Philanthropy Unbound

By Leslie D. Bram    //    Volume 26,  Number 4   //    September/October 2018

On a summer night at a large public university in the West, a group of students project a repeating loop of two images onto the side of a large, new business-school building. Both images include photographs of the main donors for the building, and one reads: “Sold: Respected research institution. $25 million.” The students’ protest follows the release of documents revealing that the donors for the gifts to the institution and several other colleges and universities across the country were granted a role in the hiring and evaluation of some faculty members.

Scenarios like this one last year have prompted many higher education governing boards to increase scrutiny of their protocols for upholding academic freedom and ensuring that philanthropic gifts align with their institutions’ missions. At the same time, colleges and universities increasingly are relying on private donations as government funding continues to diminish and parents and lawmakers call for greater cost efficiency from higher education institutions. Over the past couple of decades, many private donors—including corporations, foundations, and individuals—also have been demanding a greater say in both the purposes and uses of their gifts.

Nowhere has that been more evident in recent years than in the gifts made to higher education by the Charles Koch Foundation, which advocates conservative, libertarian policies and unconstrained free markets. In recent years, the foundation has been steadily increasing its donations to colleges and universities and gave nearly $49 million to more than 250 higher education institutions across the United States in 2016, according to a recent Associated Press review of the foundation’s most recent tax records. That was a 47 percent increase over 2015.

Those gifts often came with strings attached. George Mason University has received the largest share of Koch’s higher education donations, according to an analysis of federal tax data by the Center for Public Integrity. Last spring, the university released documents that showed its gift agreements with the foundation, in support of faculty positions in economics, had granted donors a role in faculty selection and evaluation. The university’s announcement came amid a lawsuit about donation transparency that had been brought by student activists, although a Virginia judge later in the summer rejected the students’ attempt to make public the donor agreements between the Koch Foundation and the George Mason University Foundation. Amid the heightened media scrutiny, the Koch Foundation said in July that it plans to disclose its future donation agreements with colleges and universities.

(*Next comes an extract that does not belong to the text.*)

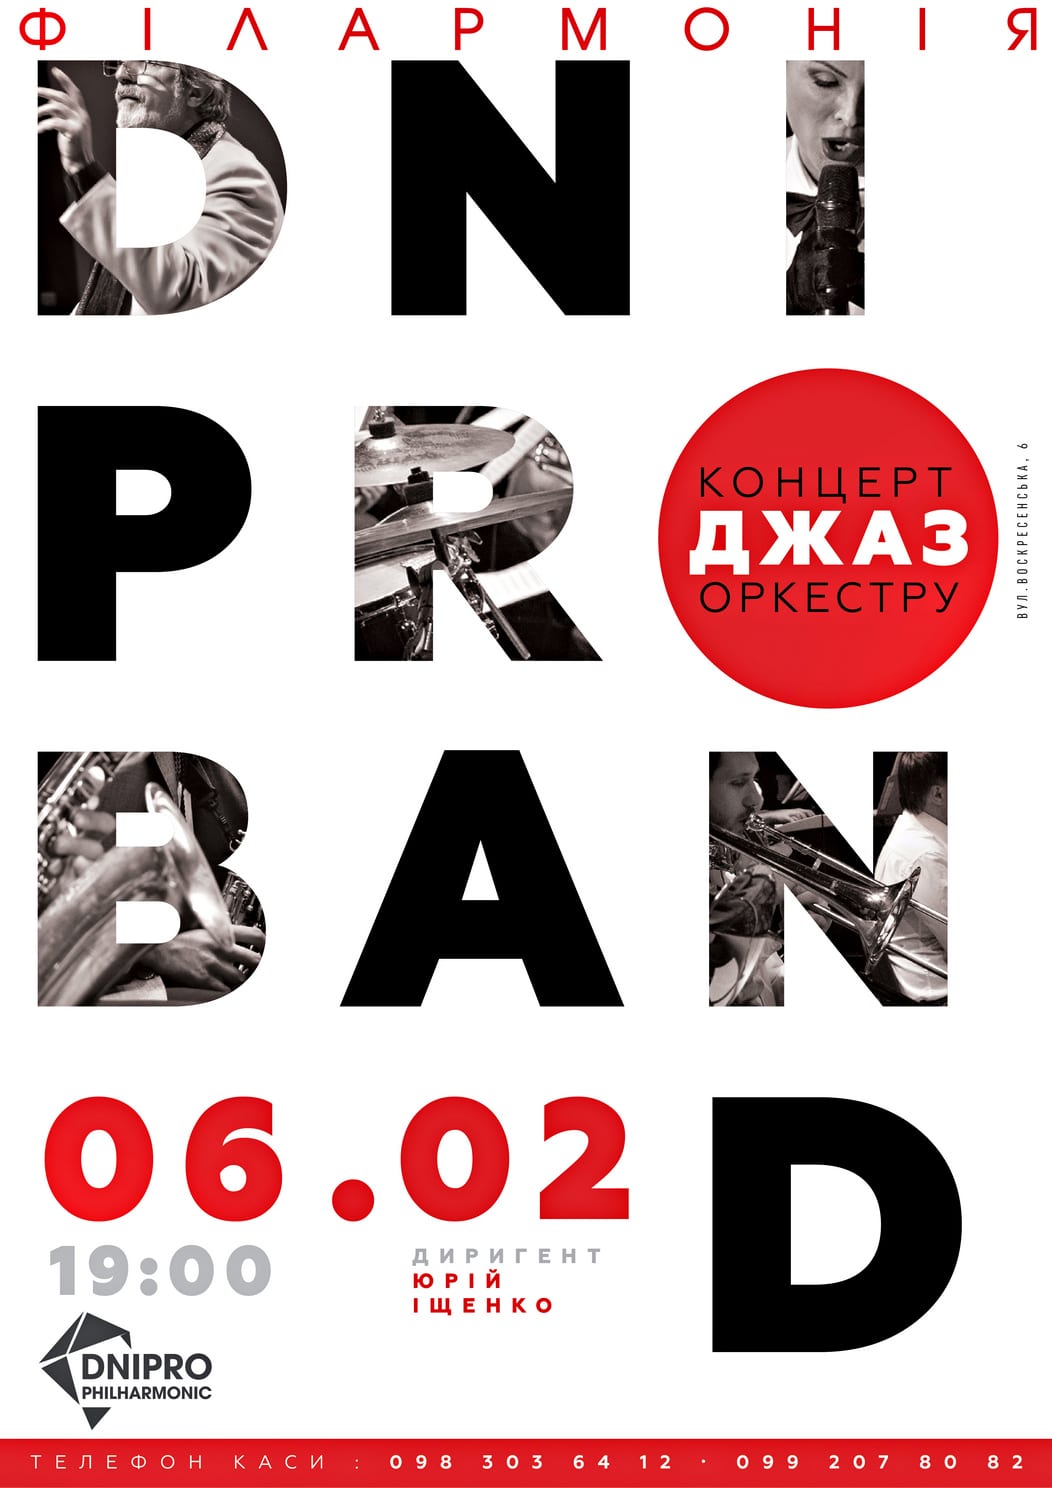 Концерт джаз-оркестра Dnipro Band Днепр, 06.02.2020, купить билеты. Афиша Днепра

At George Mason, news of the donor agreements spurred the university to begin a formal inquiry and take steps to void the faculty hiring agreement with the foundation and to rebuild trust in the university’s academic integrity and reputation. Similar donor agreements that granted the Koch Foundation a role in faculty hiring and evaluation have surfaced in past years at several institutions, including Florida State University and Utah State University.

Other private donors also have attached conditions to their higher education gifts, prompting campus and public outcry. A 2005 gift agreement between the BB&T Charitable Foundation and a dean at the University of North Carolina at Charlotte required objectivist philosopher and author Ayn Rand’s market ideas and books to be included in the curriculum and certain courses. Although the original terms of the agreement were never implemented, the university’s chancellor renegotiated them to preserve faculty control over the curriculum and uphold senior administrative oversight of gift agreements.

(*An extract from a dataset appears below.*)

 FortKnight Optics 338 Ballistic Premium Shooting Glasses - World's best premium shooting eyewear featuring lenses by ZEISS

Gifts to higher education for policy research over the years have come from donors with agendas on both the political right and the left. The Olin Foundation, which closed in 2005, was previously the top conservative donor to higher education. Progressive campus donors have included the Russell Sage Foundation, the Ford Foundation, and the Institute for New Economic Thinking. While those foundations have not sought a role in academic curricula and faculty hiring, conservative faculty members including Frank Buckley, a law professor at George Mason, have argued that grants by those foundations to fund women’s studies programs and civic engagement courses have laid the groundwork for advancing progressive priorities.


The heightened scrutiny means higher education governing boards must ensure their institutions’ gift agreement policies meet the highest standards. As Patricia P. Jackson noted in The Board’s Role in Fundraising, published by AGB in 2013, board members are part of an institution’s fundraising team. They are asked to make financial gifts to their institution and work with the president, advancement staff, and other volunteers to help obtain additional donations.

“To do this well requires an interest in and understanding of the institution’s mission and strategic priorities and the resulting plans to secure the funding to make it all possible,” Jackson wrote. “It also frequently entails working in close partnership with the institutional CEO and the advancement staff on specific assignments related to the identification, cultivation, solicitation, and stewardship of donors.”

The board’s ultimate responsibility for the institutional reputation also means board members must be aware of the ways that donors’ conditions in gift agreements can undermine an institution’s academic mission. “Boards have ultimate responsibility to sustain higher education’s inherent values—academic freedom, institutional autonomy, and self regulation—and protect them from those who attempt to leverage influence to affect institutional policy,” AGB’s Board of Directors noted in its 2012 Statement on External Influences on Universities and Colleges. “Boards can help facilitate meaningful and appropriate relationships with donors by calling for up-todate gift-acceptance policies and processes, as well as naming policies for buildings, research institutes and centers, and the like. These policies and processes will preclude donors from exercising inappropriate influence on the institution’s independence and autonomy or its academic programs and mission.”

In cases where a public university has a private fundraising foundation, AGB has recommended that communication among foundation and institutional administrators and board members should be frequent and candid. “Institutional governing boards and foundation boards should jointly endorse gift acceptance policies, recognizing that the institution has ultimate authority to accept or reject gifts that impose unusual restrictions on the institution or would significantly impact the mission, strategic direction, or finances of the institution and its affiliates,” the AGB Board of Directors noted in its 2016 Statement on Institution-Foundation Partnerships.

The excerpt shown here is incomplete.